#### Dataset entries
—————
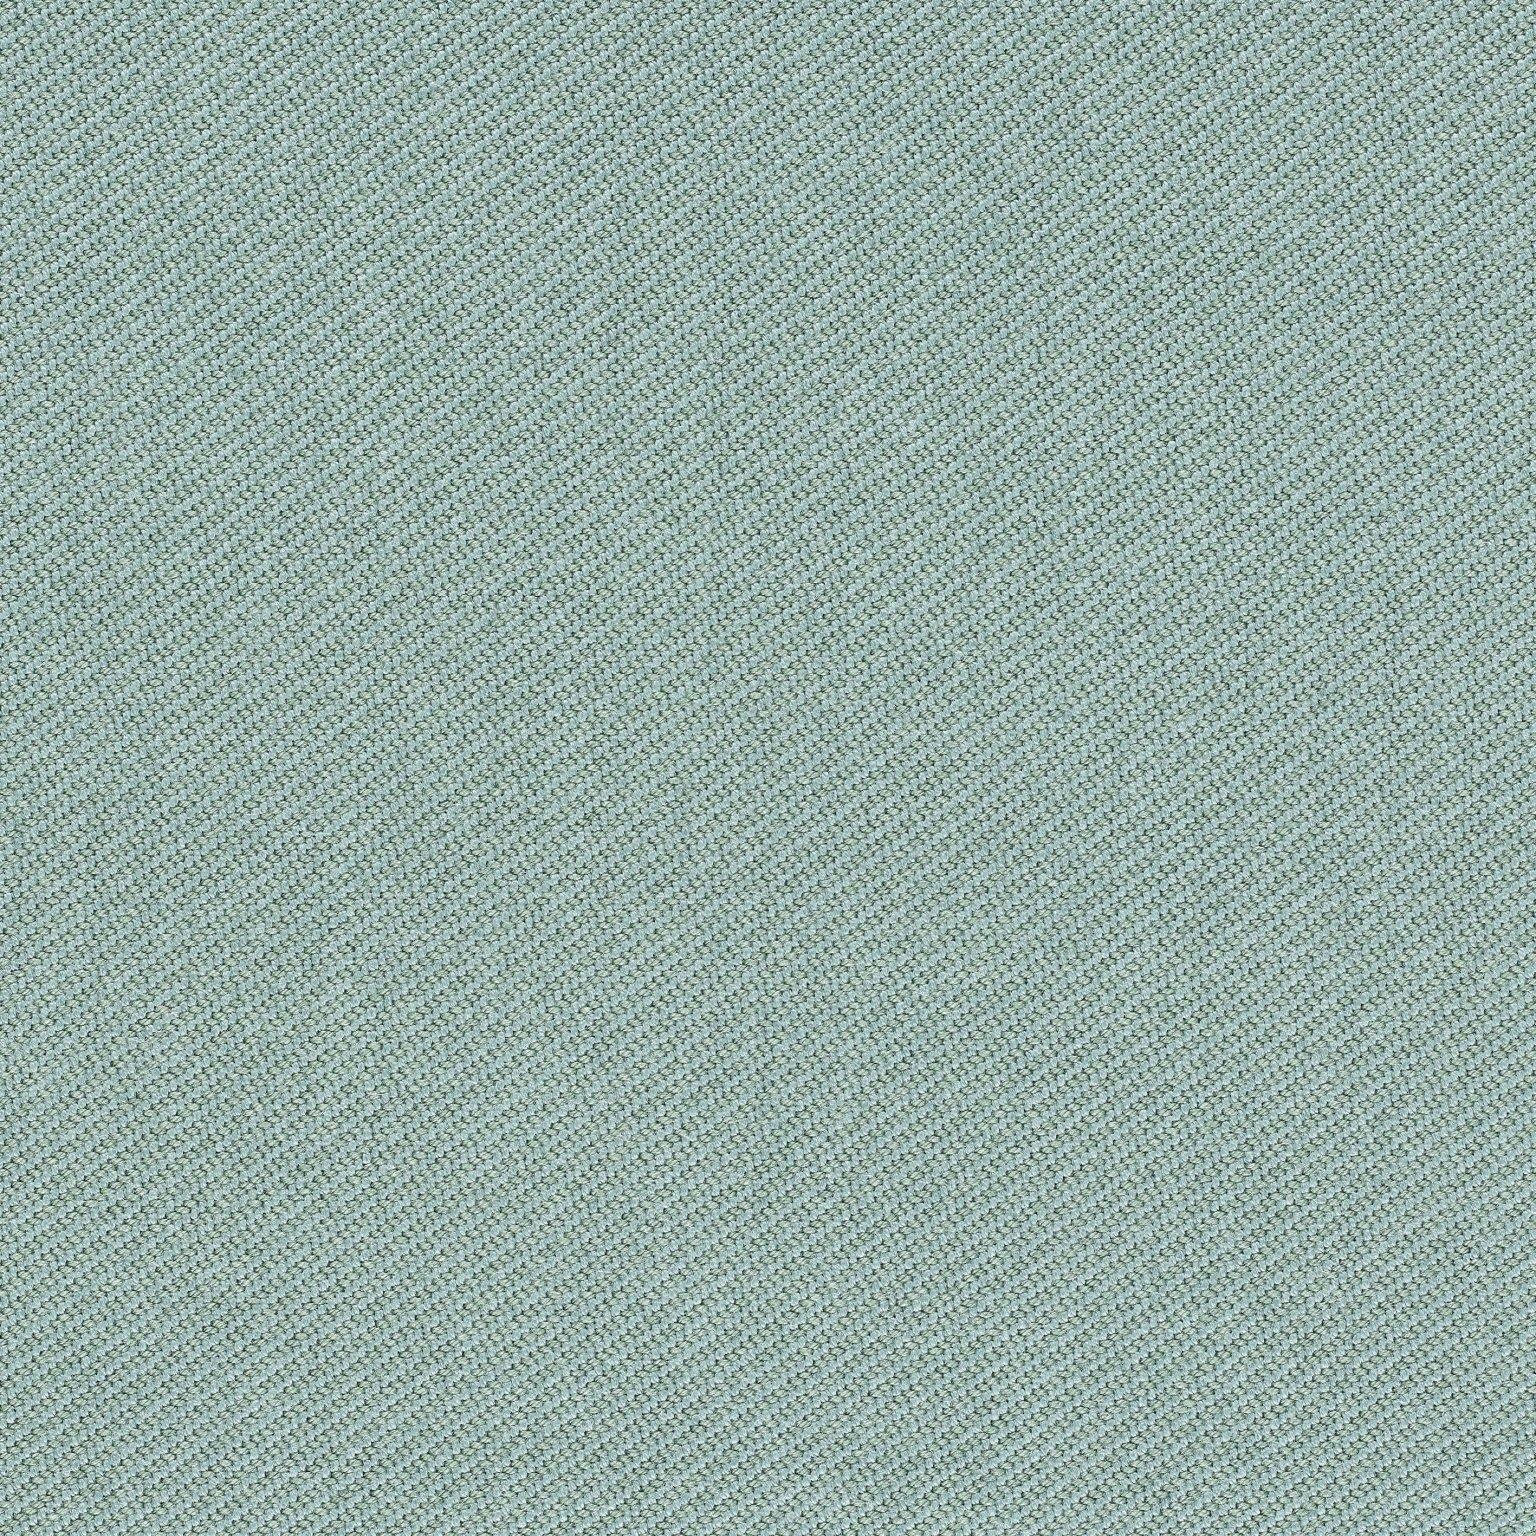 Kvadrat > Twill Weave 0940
—————
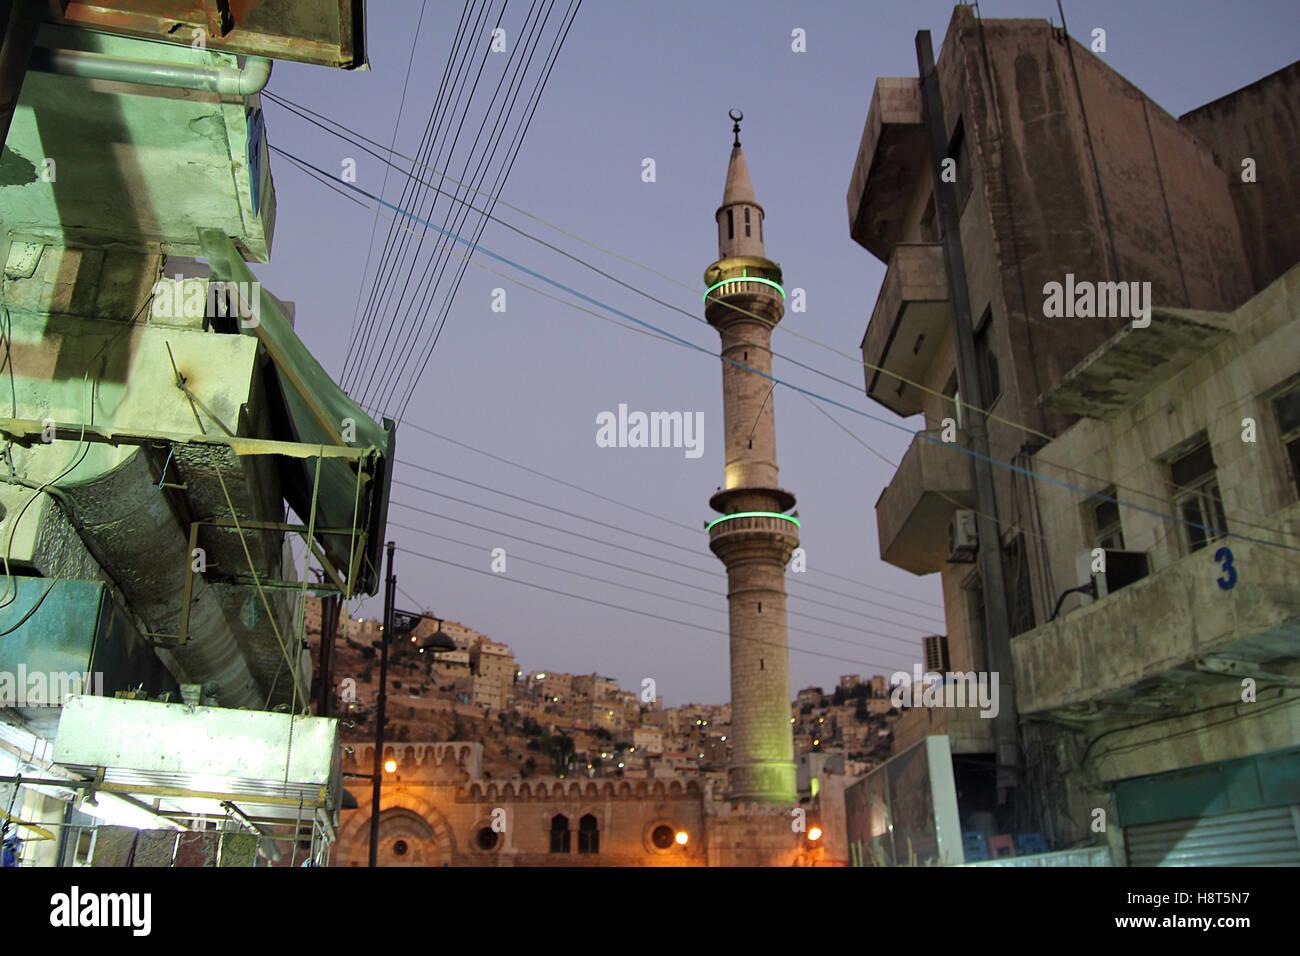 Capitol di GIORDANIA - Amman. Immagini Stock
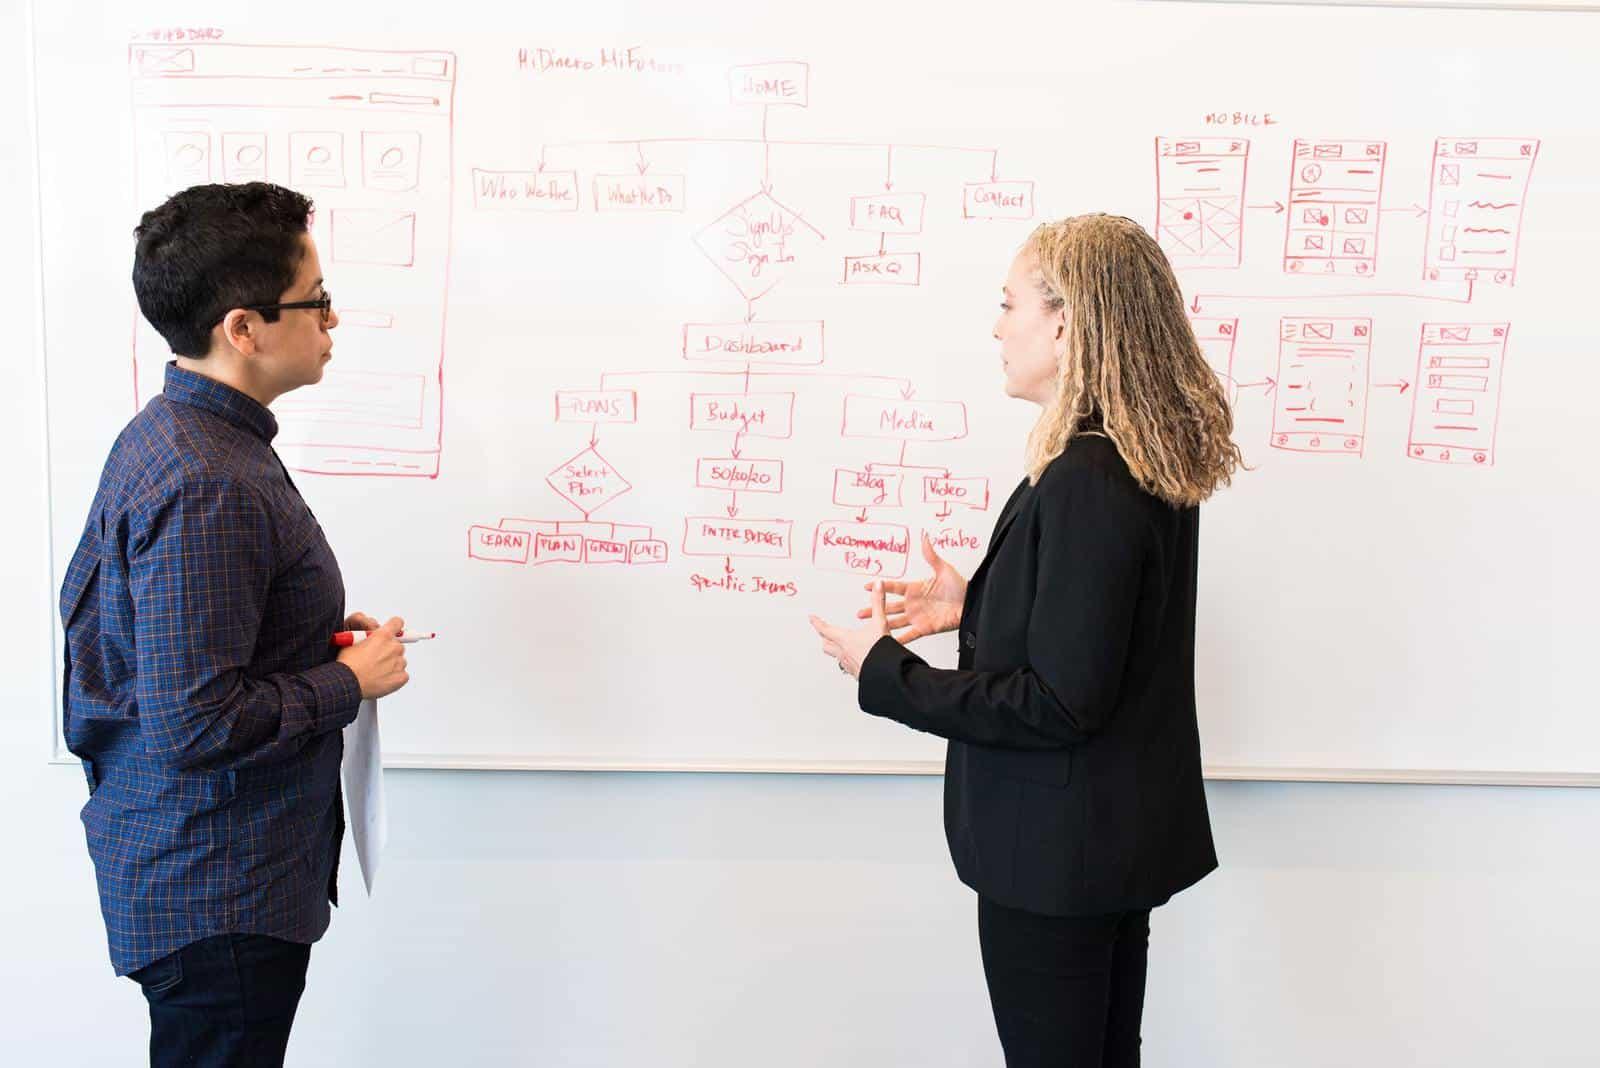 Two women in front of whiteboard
—————
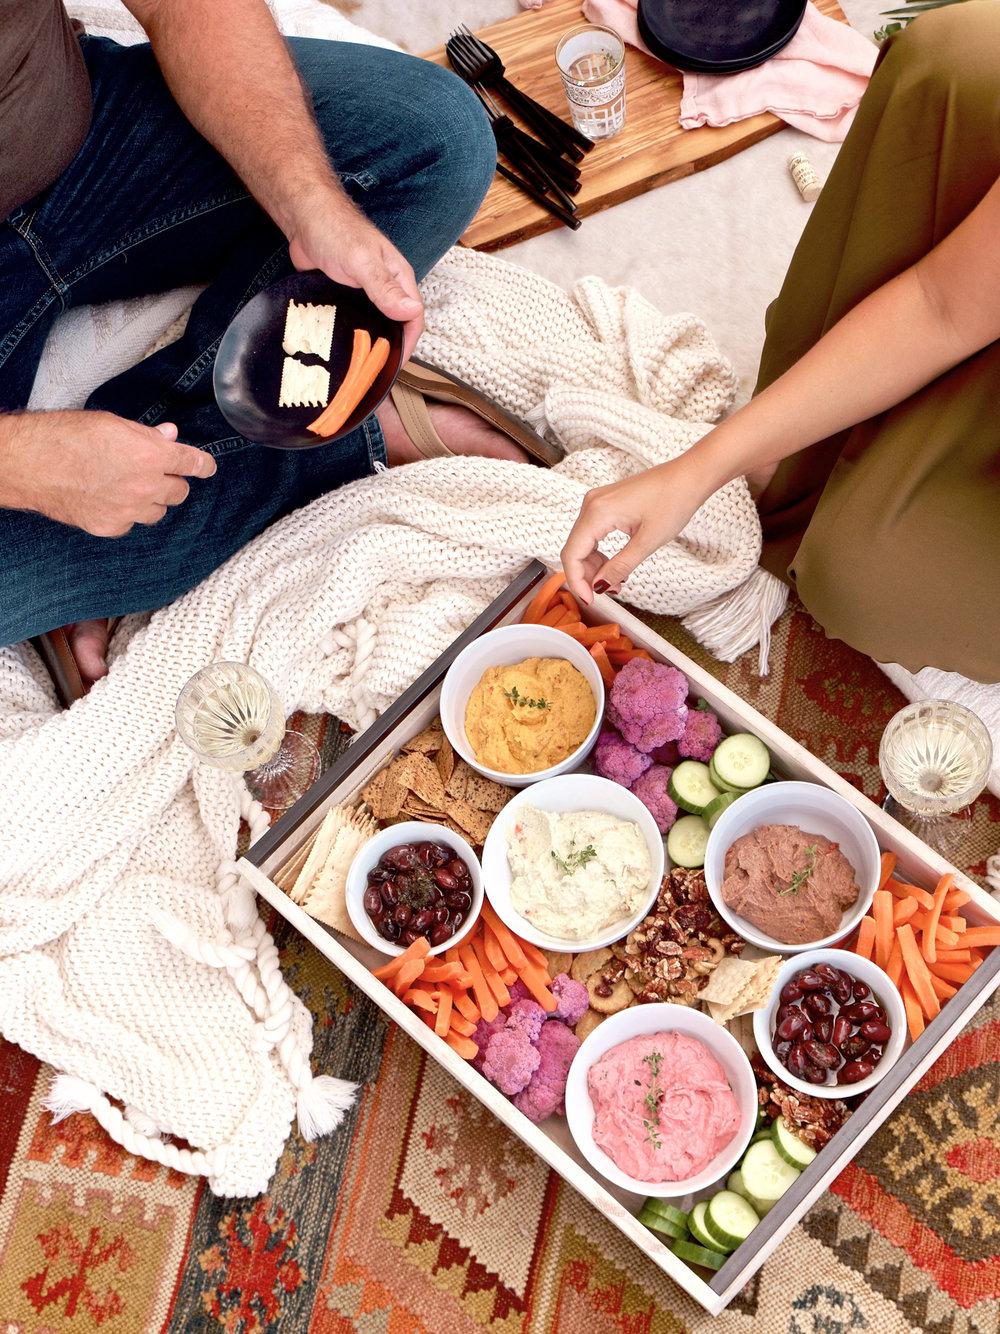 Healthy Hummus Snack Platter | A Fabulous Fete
—————
Take the material above from the line bearing "Capitol di GIORDANIA - Amman. Immagini Stock" through the line bearing "Two women in front of whiteboard" and write it out exactly, both end lines included. Pictures stay out.

 Capitol di GIORDANIA - Amman. Immagini Stock
 Two women in front of whiteboard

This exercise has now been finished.